Im Gegensatz zu der normalerweise geltenden Regel, dass die Position der Noten auf den Linien den Ausschlag gibt über die Richtung des Notenhalses, also entweder nach oben oder nach unten, ist es hier so, dass alle Melodienoten mit dem Hals nach unten und alle Verzierungsnoten, also die Gracenotes, mit dem Hals nach oben notiert werden. Diese Verzierungsnoten sind nötig, wenn 2 gleiche, aufeinanderfolgende Noten getrennt zu hören sein sollen und um generell mehr Ausdruck und Betonung in ein Stück zu bringen. Auf der GHB ist es nämlich nicht möglich, lauter oder leiser zu spielen. Es gibt nur „an“ oder „aus“.
Gracenotes sind als 32tel notiert, werden oft aber kürzer gespielt und alle Gracenotes in einem Stück sollten gleich lang oder kurz gespielt werden, abhängig von der Schnelligkeit, mit der das Stück generell vorgetragen wird. Da es auf anderen Instrumenten nicht nötig ist, Noten durch Gracenotes zu trennen, werden diese beim Umschreiben auf ein anderes Instrument einfach weggelassen.

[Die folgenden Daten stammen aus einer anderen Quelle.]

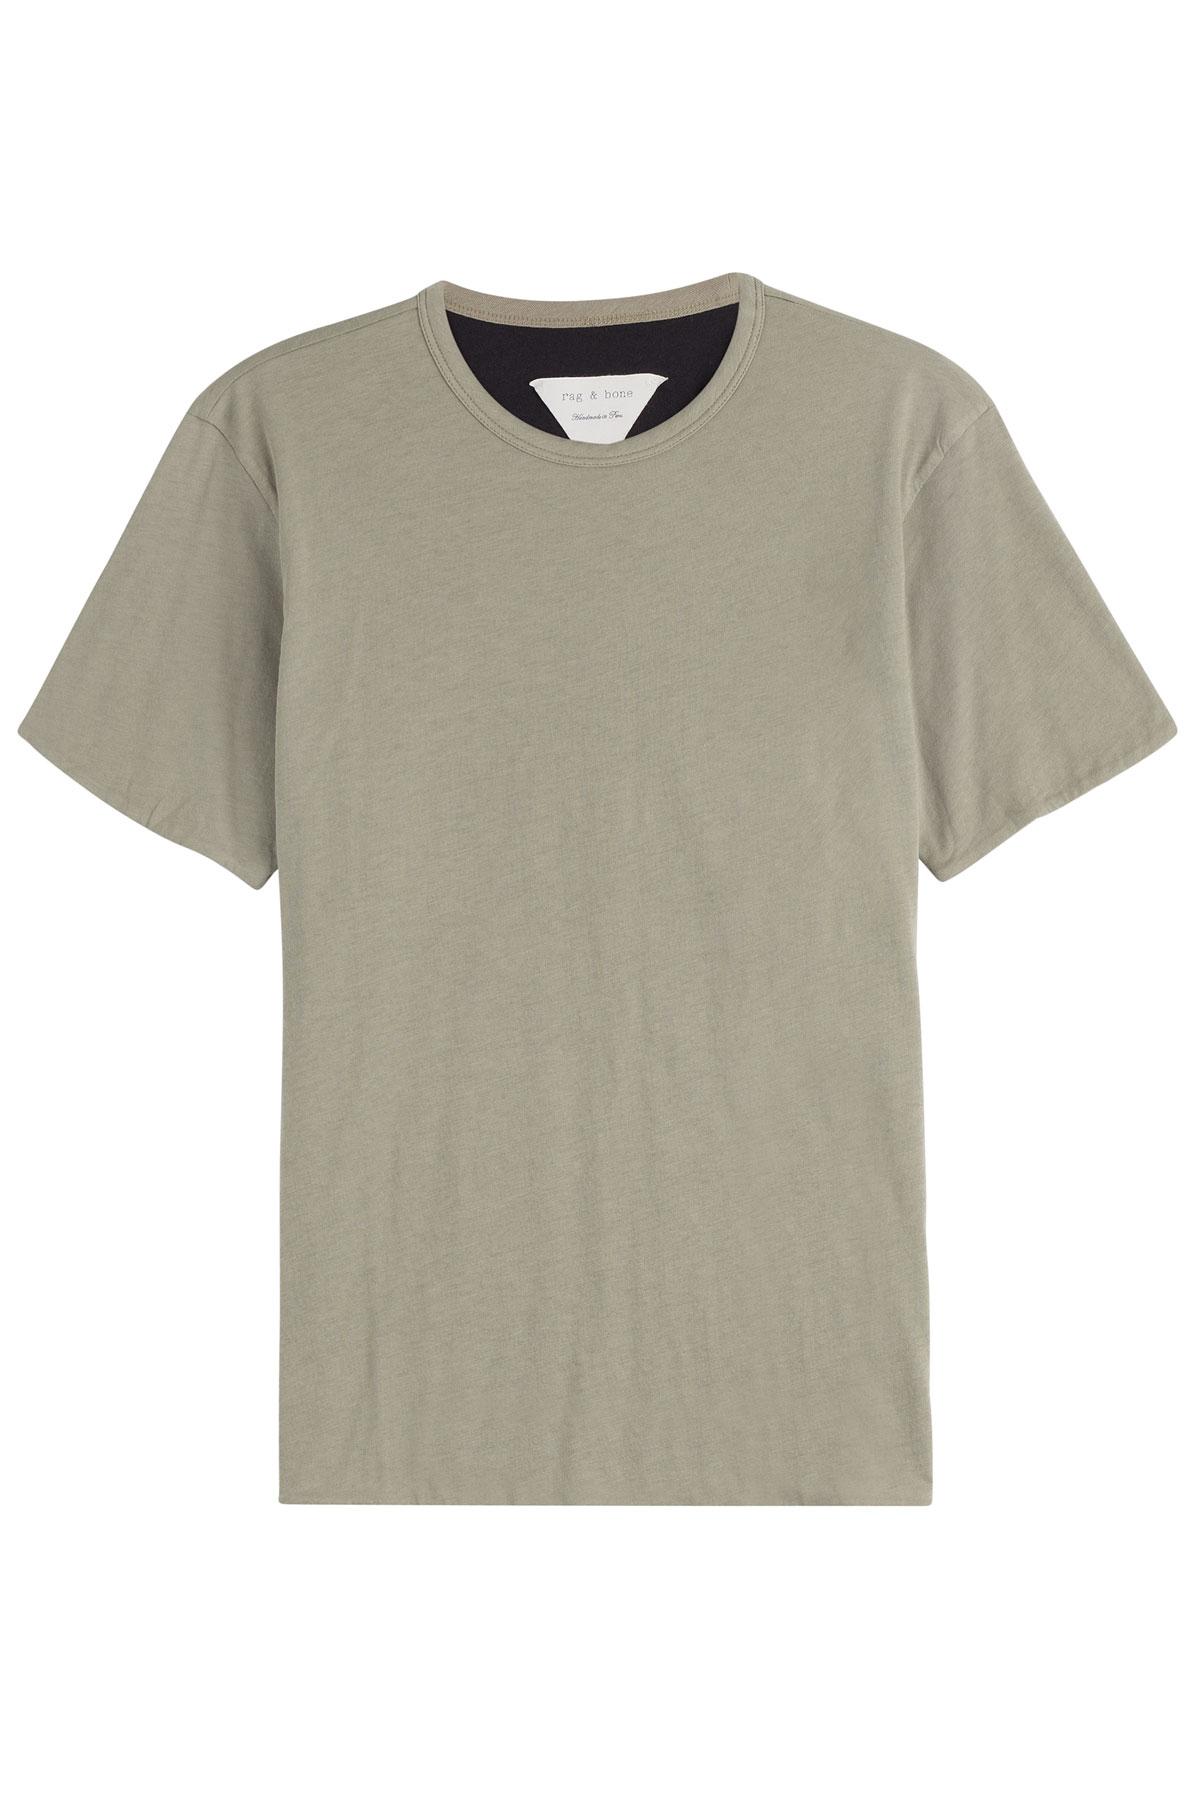 Rag Bone Reversible Cotton T Shirt Green In White For

Dadurch, dass die Stimmung, der sogenannte Pitch, auf der GHB etwas höher ist als bei anderen Instrumenten (B flat statt B) ist es schwierig, mit anderen Instrumenten zusammen zu spielen. An dieser Grundstimmung kann man an der Spielflöte, das sogenannte Pipechanter, selbst nichts ändern. Inzwischen gibt es Pipechanter, die auf B gestimmt sind, aber traditionell war es eben B flat. Wenn andere Musiker mit einem Piper zusammen spielen wollen, müssen diese ihre Noten nach B flat transponieren oder hoffen, dass der Piper ein Chanter hat, das auf B gestimmt ist.

Solo-Piper und Pipebands

Während Piobaireachd nur solo gespielt wird, können alle anderen Stücke mit mehreren Pipern gespielt werden. Natürlich steigt der Schwierigkeitsgrad mit den steigenden Anzahl mitspielender Piper. Jede Note, jede Punktierung muss ganz genau gleich gespielt werden. Wenn ein Piper eine Note zu kurz oder zu lang anhält, ist der Tune schon nicht mehr ganz so schön und die Performance das Piper ist nicht ganz so gut.

Aber so schön die Pipemusik auch ist, ohne unsere Drummer wären wir unvollständig! Sie geben unseren Tunes das Besondere, denn sie haben die Möglichkeit, mit ihren Instrumenten zu variieren. Erst durch die Drums wird ein Tune so richtig lebendig und komplett.